Though buffeted by both choice and chance, we are the composers of our life’s symphony.  It is a role we are powerless to relinquish.

The Soul

The entity that most religions call the soul is recognized in universal resonance to be a physical reality; a cluster of those unimaginably tiny strings that uniquely encodes our deepest beliefs, feelings and insights. It is a minute morsel of matter whose size and resonance allows it, on the occasion of the demise of its current body, to migrate among the multiple dimensions demanded by the math of string theory, thereby actualizing immortality.

The Universe

Is the encompassing resonant harmonic entity of which we, as individuals, are and will always remain, a unique, sentient part.

The universe expands beyond the multi-verse of our theorizing, and yet is reflected in the infinitesimal perfection of the soul.

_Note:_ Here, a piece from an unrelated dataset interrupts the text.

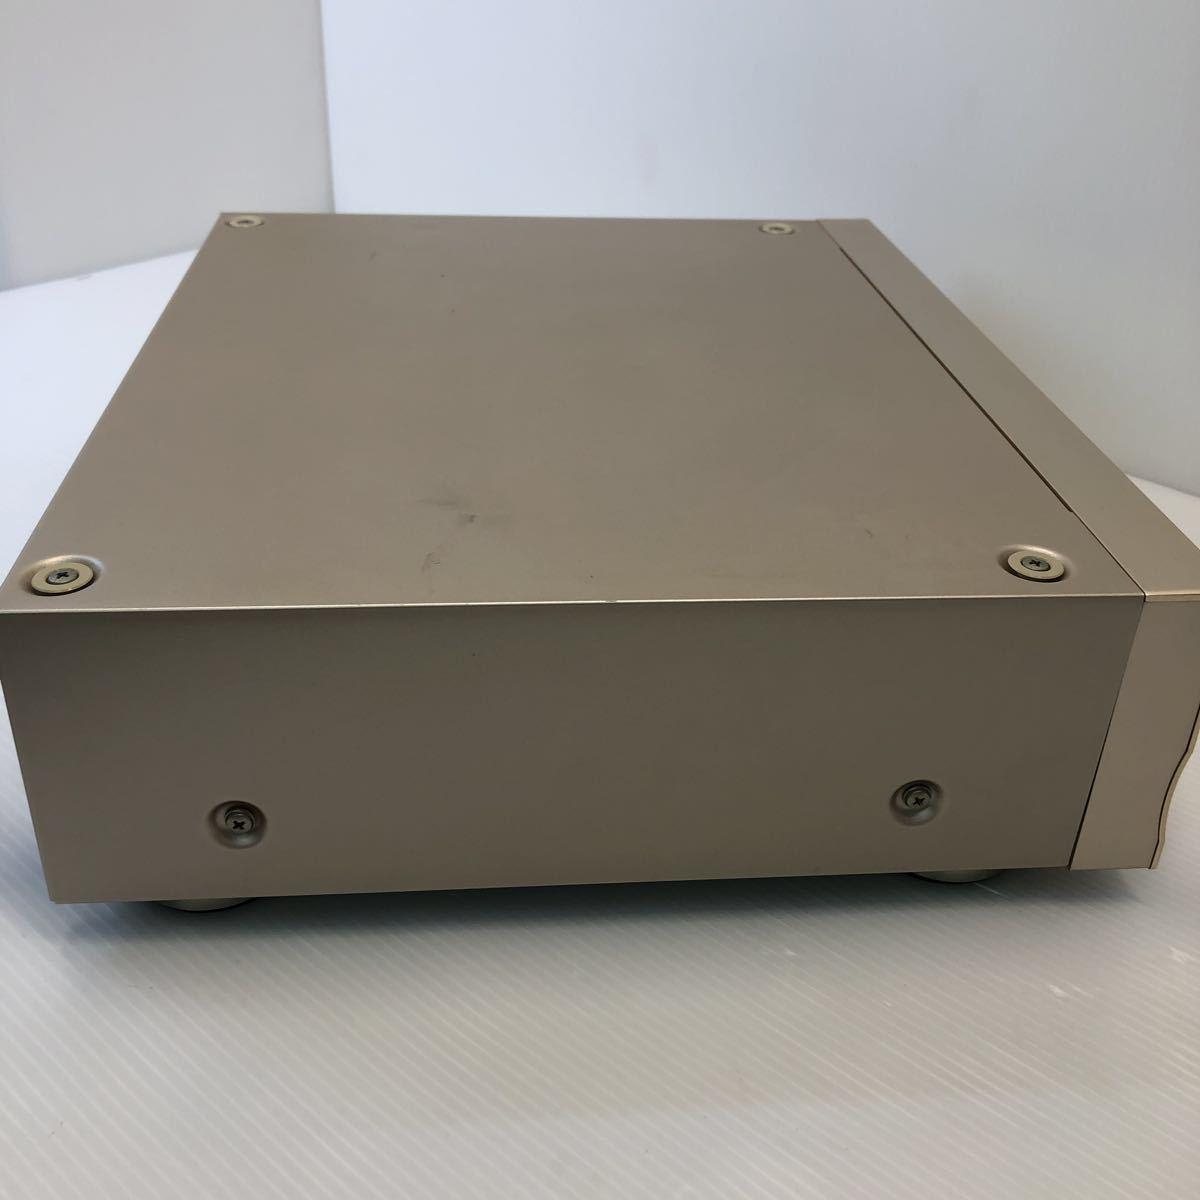 Pioneer パイオニア CDプレーヤー DACモード搭載 通電 CDトレイオープンクローズのみ確認 ジャンク扱い リモコン付き 1円スタート_画像9

Our knowledge of the universe is evolutionary.  We are disabled by the belief that we can imagine the horizon of understanding.  Our belief in complexity blinds us to the insight suggested by simplicity.

Wisdom

We gain wisdom as we explore the three truths.  It is an exploration that is ambiguously poised between the private and the public.

We are unique entities suspended amidst unimaginable billions – unlike any other, yet in evolving concert with all.

Perhaps wisdom is best seen as unfolding harmony, comprised of works accomplished, commentaries on those works and the thoughtful anticipation of works yet to be.